This is awesome. As our userbase grows I've been wondering how to best address this problem.
When we have a migration that requires more than 500 batch writes, we first got around that by building an array of batches with 500 writes per entry, then committing all of it at the end. Then we discovered the bulkWriter API in the node.js library which gets around the 500 batch limit. It looks like `createBatchMigrator` only supports up to 500 writes due to the firestore batch limit. Is that correct?
Thank you! Yes, that's correct. The limit for a batch migrator must be 500 because it uses Firestore write batches internally.
I'm currently writing another migrator that won't be using Firestore batches, it'll just use the good old Promise.all(). I'm planning to add more capabilities soon like error-resilient traversers using different traversal strategies, the ability to re-traverse the docs that couldn't be migrated the first time etc.

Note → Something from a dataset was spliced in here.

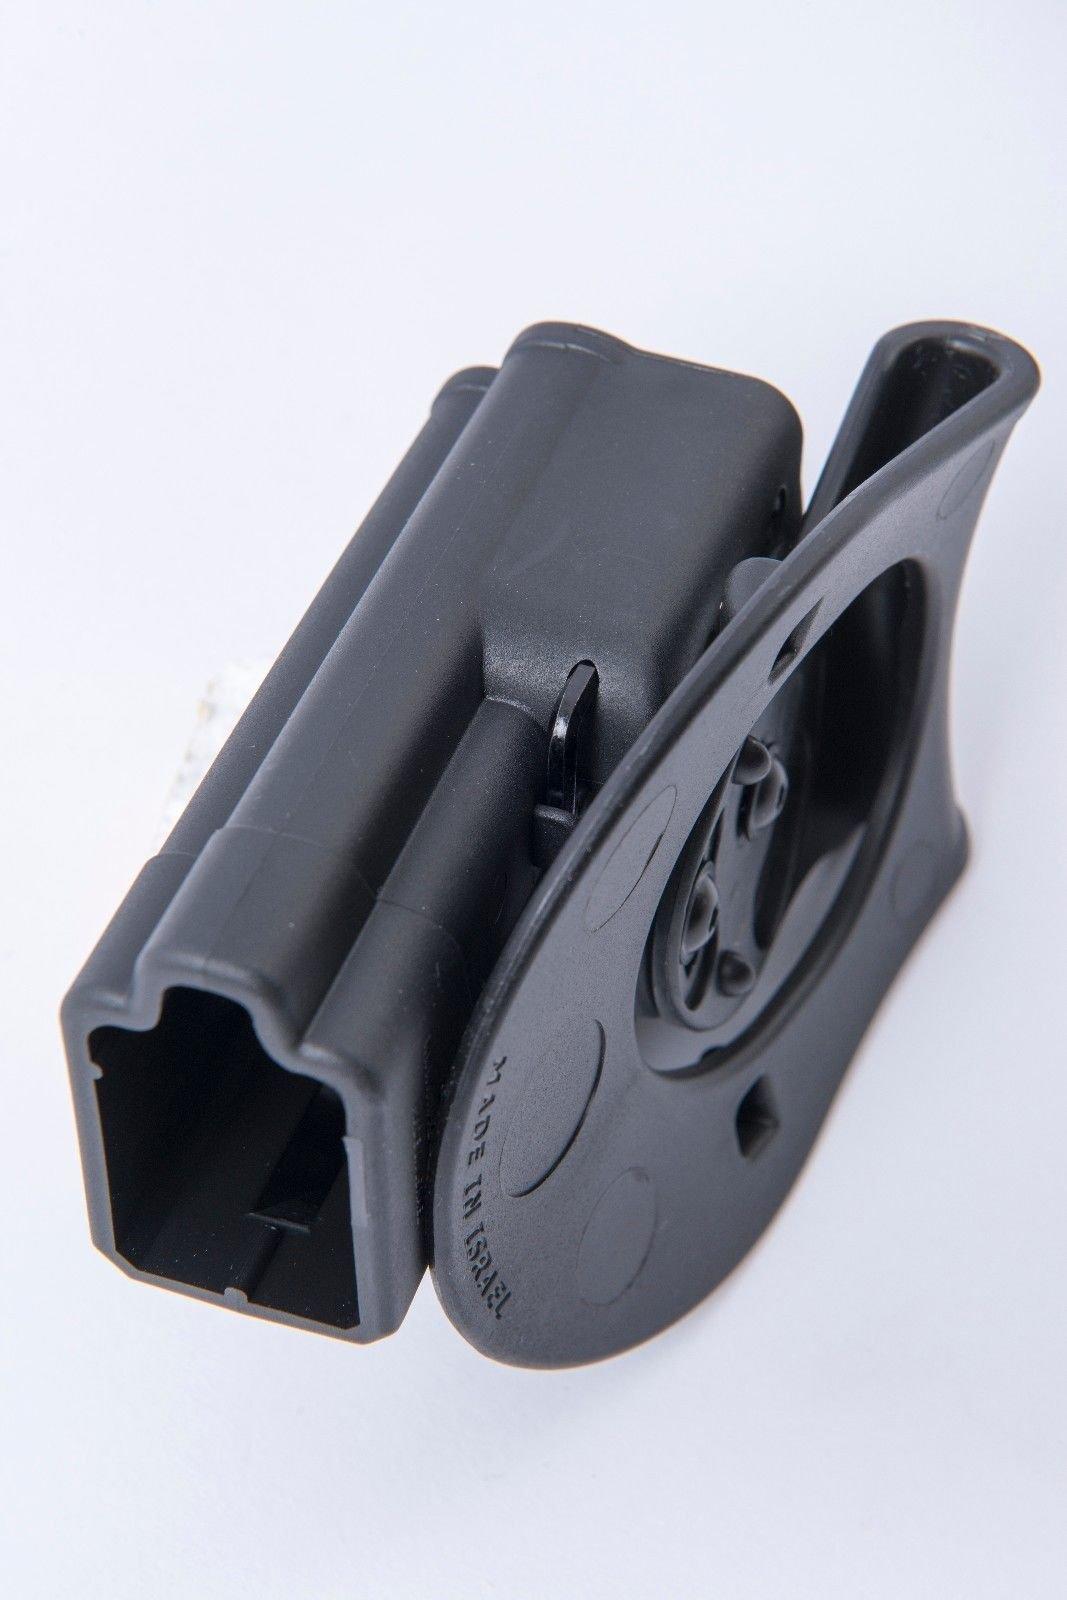 Orpaz Glock Gun Professional Holster Polymer With 360 Rotation Paddle & Belt Adjustment Screw For Models 17/19/22/23/25/26/31/32/34/35

It looks like this will support more than 500 by calling the batch API repeatedly in a loop (the bulkWriter API is likely doing similar).
If you really want to address the issue of a growing userbase I'd highly recommend moving off of Firestore as soon as possible. It's really very inefficient at things like bulk updates (e.g. whereas in a SQL database you could use an UPDATE WHERE, in Direstore this is impossible without first reading every document than writing it back)
How does this handle concurrent modification of the collection, say if documents are added or deleted? Is there protection against skipping a document or traversing the same document twice?
Great question! Since traversing the entire collection may take a while, it's definitely possible that a new doc has been added in the meantime. Whether that new doc will be traversed or not depends on its order/index within the collection. It definitely won’t be traversed twice.
If it's positioned before all the docs in the current batch then it won't be traversed. If it's positioned after the current batch then it will be. So obviously that also depends on whether you’re traversing a plain collection or a Query.
Catching all the new docs that were added requires implementing a different strategy like adding a temporary field to all the traversed docs and then querying the ones that don’t have that field. It’s definitely something that we can implement soon!
It looks like adding and removing documents before the end of the current batch may cause /existing/ documents to be skipped or processed twice.
If you add a new document before the end of the current batch, the offset used for the beginning of the next batch will be too low, causing documents at the boundary to be processed twice. If you delete a document the index will be too high, skipping some documents.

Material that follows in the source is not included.